Demandez quand cela a commencé et avec quoi cela évolue. Le TDAH est une condition développementale, donc les difficultés sont présentes depuis l'enfance et restent globalement constantes dans différents contextes, que la vie se déroule bien ou non. L'anxiété a plus souvent un début identifiable et augmente ou diminue en fonction des circonstances. Un antécédent de problèmes de concentration à l'école primaire indique une direction ; une concentration qui s'est effondrée pendant une année difficile indique l'autre.
L'anxiété peut-elle provoquer des symptômes du TDAH ?
Cela peut produire quelque chose qui leur ressemble beaucoup. L'anxiété sévère altère la concentration et la mémoire de travail, provoque de l'agitation et perturbe le sommeil, ce qui est proche de la présentation superficielle du TDAH. La différence réside dans ce que fait l'attention. Dans l'anxiété, elle est capturée, tirée à plusieurs reprises vers une inquiétude spécifique. Dans le TDAH, elle est désancrée, s'éloignant de l'inquiétude aussi facilement que de tout autre sujet.

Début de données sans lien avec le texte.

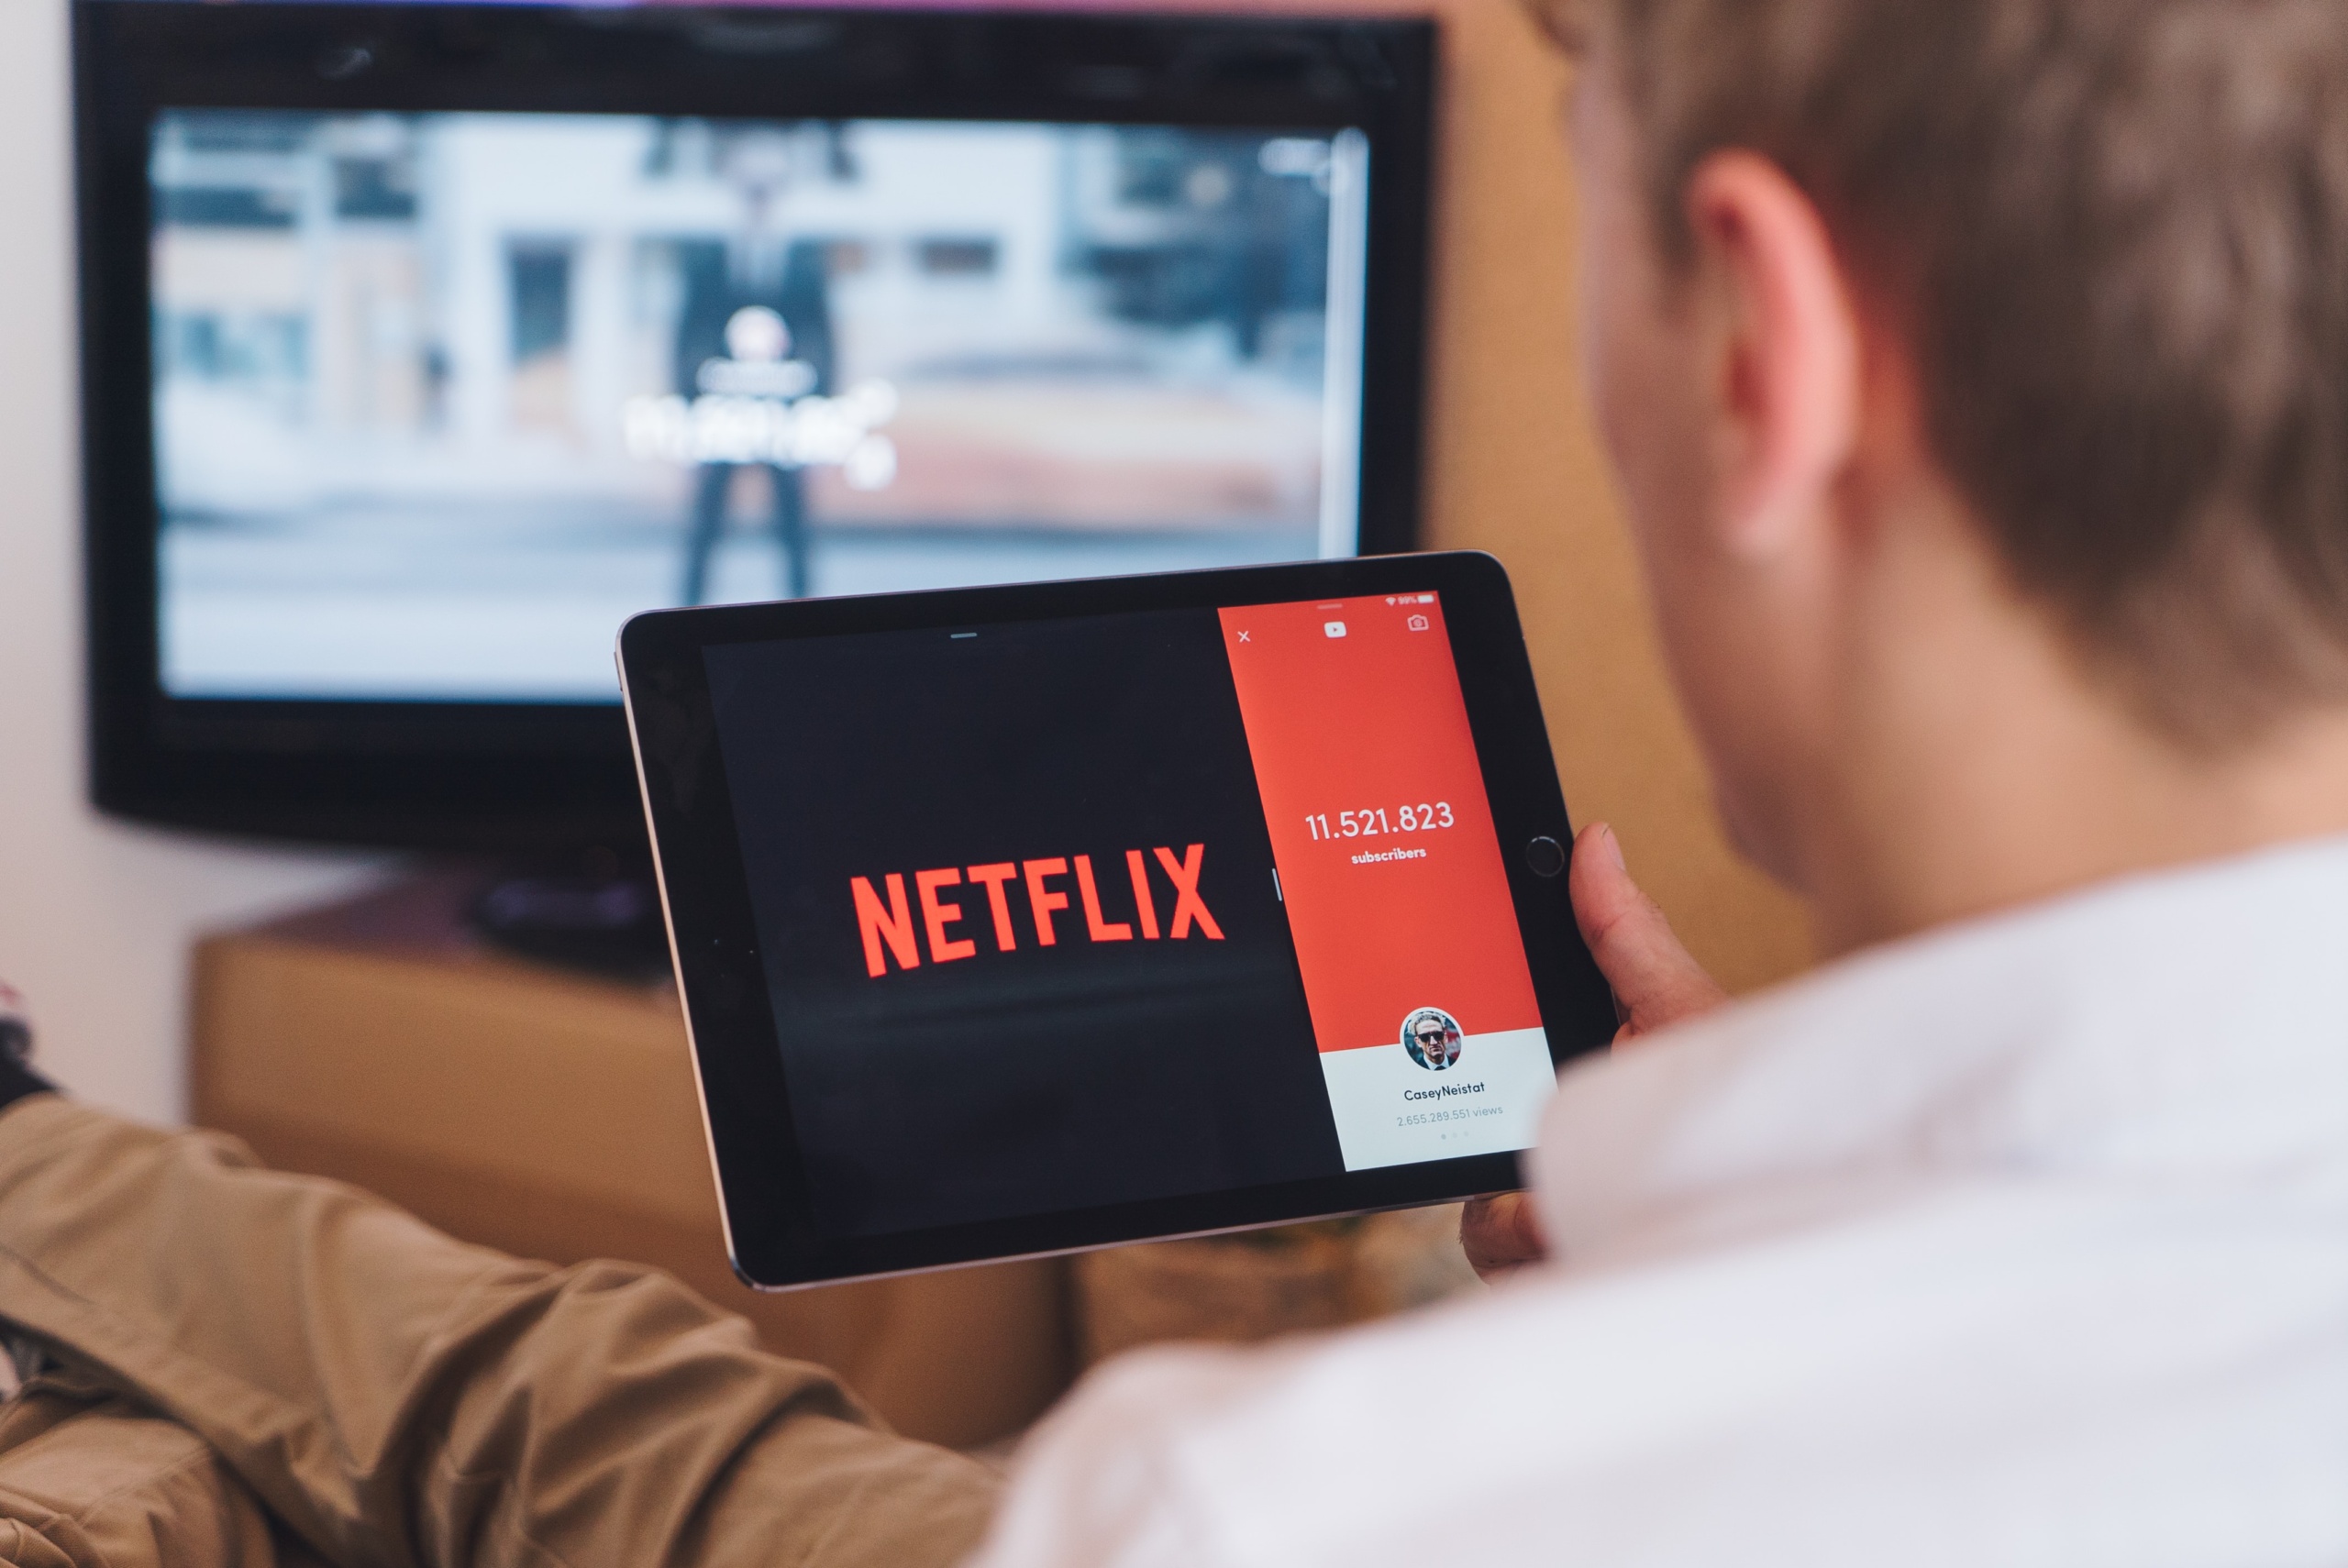 The European Commission is exploring the possibility of making Netflix and other streaming services pay providers for the generated traffic

Le TDAH peut-il causer de l'anxiété ?
Oui, et c'est une voie courante vers un diagnostic tardif. Des années de délais manqués, d'objets perdus, de performances imprévisibles et d'être dit que vous ne vous appliquez pas donnent à une personne beaucoup de raisons de se sentir appréhensive, et l'anxiété est une réponse raisonnable à un véritable parcours. Ce type d'anxiété a tendance à s'améliorer seulement partiellement lorsqu'il est traité seul, car ce qui la génère reste intact.
Est-ce que cela a de l'importance lequel c'est ?
Cela modifie ce qui est proposé. La thérapie cognitivo-comportementale ciblant l'inquiétude est la pierre angulaire des troubles anxieux et ne traitera pas une difficulté d'attention présente depuis l'enfance. L'évaluation et le traitement du TDAH suivent un parcours différent. Lorsque les deux sont présents, il est conseillé de traiter d'abord la condition la plus invalidante, ce qui est une décision pour un clinicien plutôt qu'une règle fixe.
Can you have both ADHD and anxiety?
Fréquemment, les troubles de l'humeur et d'anxiété sont parmi les conditions les plus courantes qui surviennent avec le TDAH chez l'adulte. Avoir les deux n'est pas une contradiction à résoudre ni un signe que l'un des diagnostics est erroné. Cela signifie que traiter l'un et constater une légère amélioration n'est pas une preuve que l'autre est absent, ce qui est exactement l'interprétation qui maintient les gens bloqués pendant des années.